• [Provided material]
═══

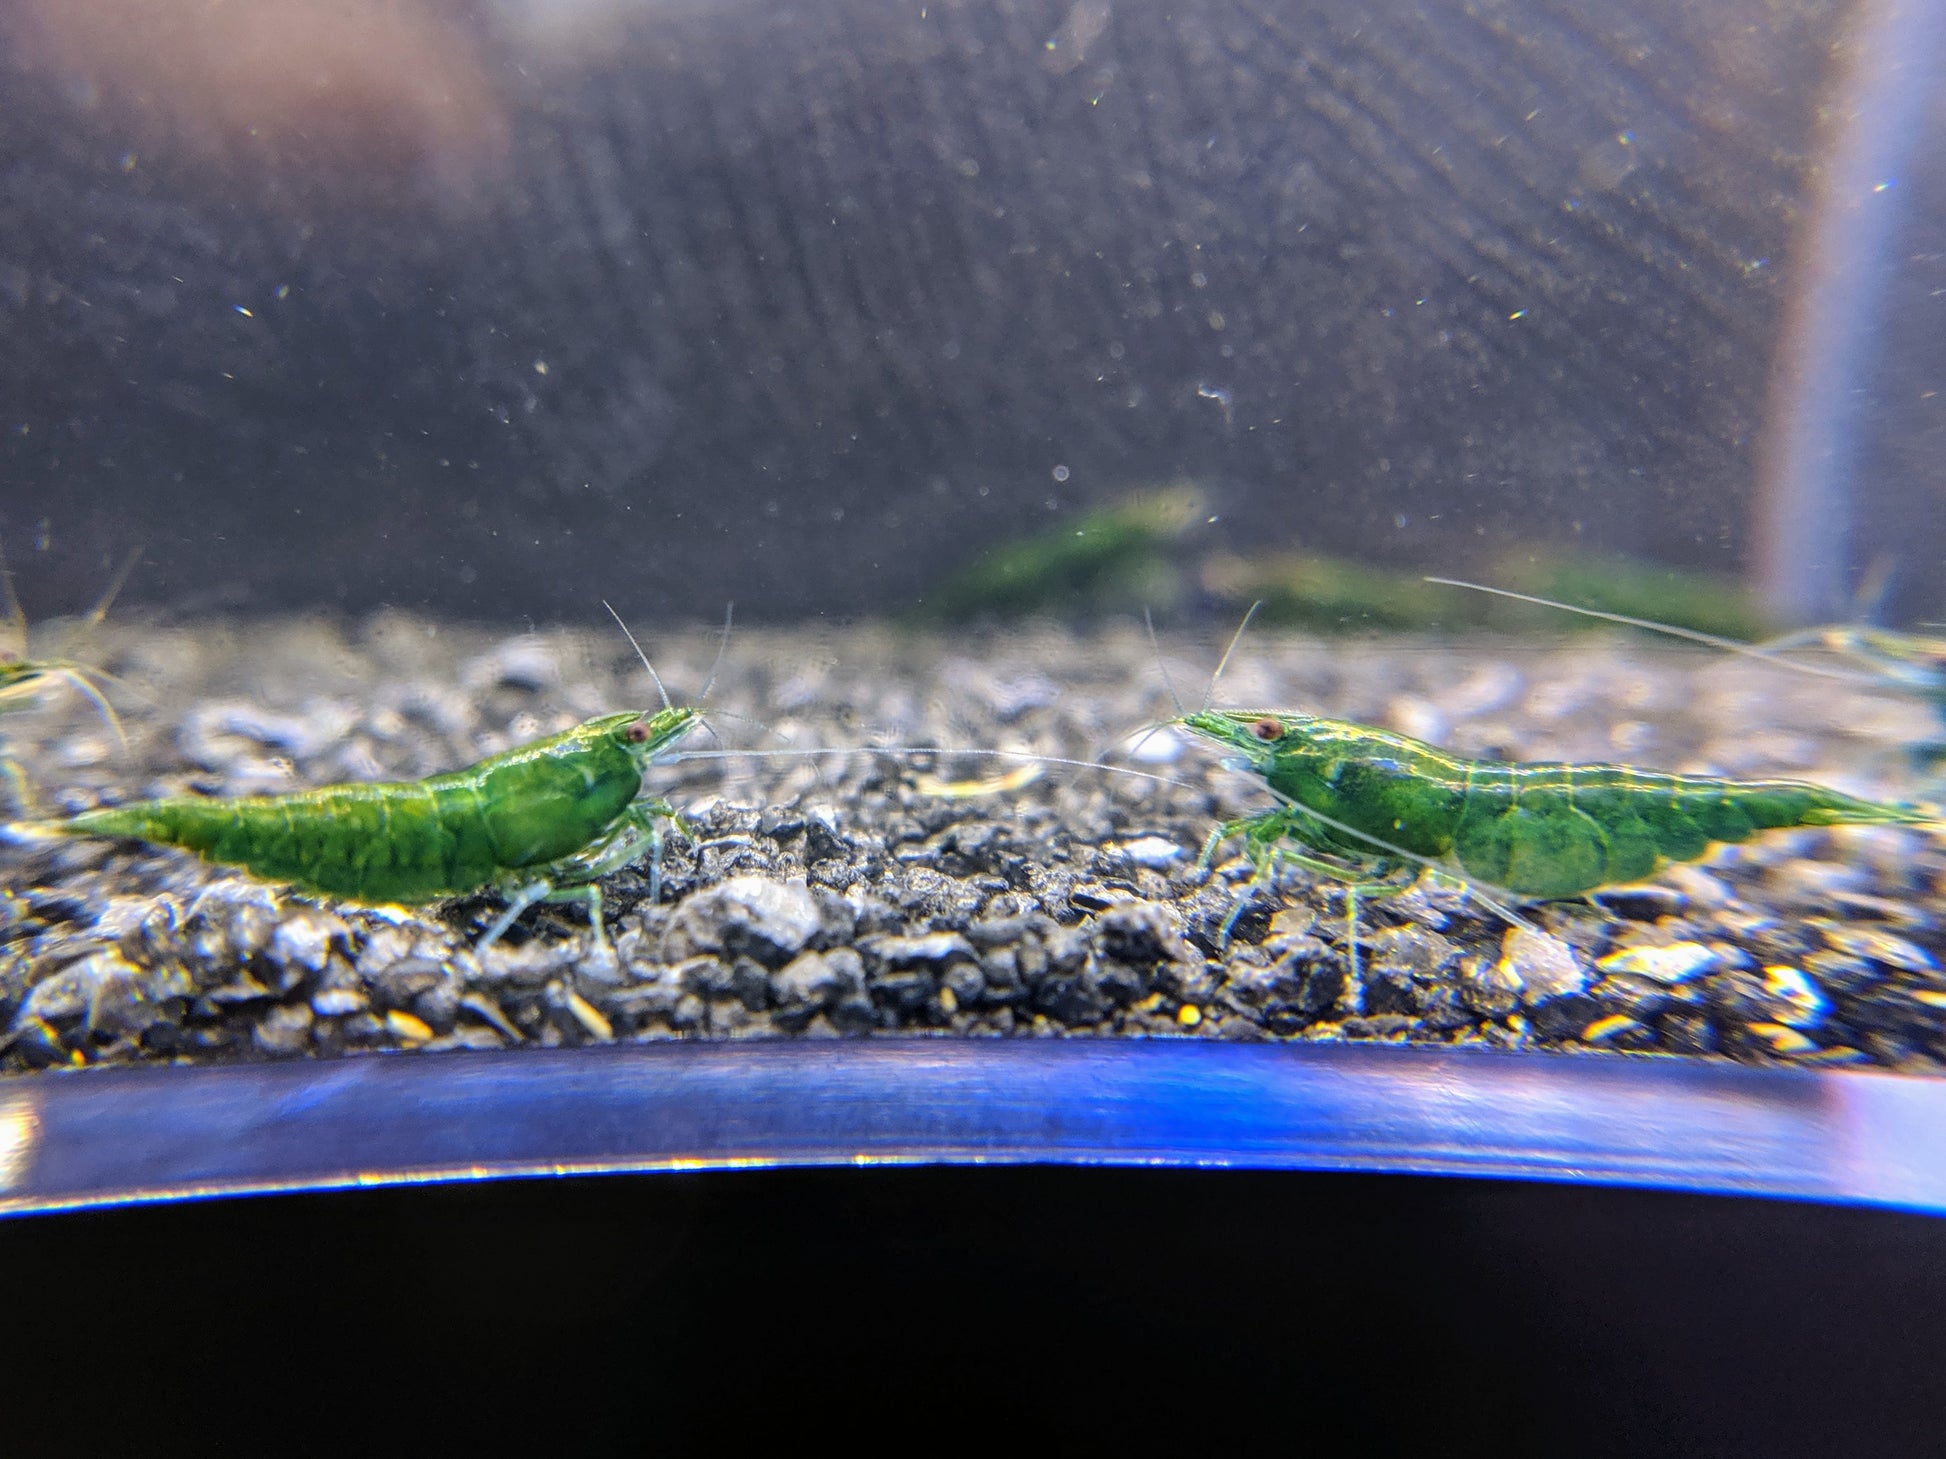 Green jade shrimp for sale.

═══

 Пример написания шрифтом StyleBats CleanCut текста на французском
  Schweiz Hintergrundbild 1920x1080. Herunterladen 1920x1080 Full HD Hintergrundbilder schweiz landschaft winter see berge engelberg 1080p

═══

• [What to work on]
Using the entries above, give back exactly the line containing "Пример написания шрифтом", the line containing "Schweiz Hintergrundbild 1920x1080.", and every line between them, and nothing else.

• [Answer space]
 Пример написания шрифтом StyleBats CleanCut текста на французском
  Schweiz Hintergrundbild 1920x1080. Herunterladen 1920x1080 Full HD Hintergrundbilder schweiz landschaft winter see berge engelberg 1080p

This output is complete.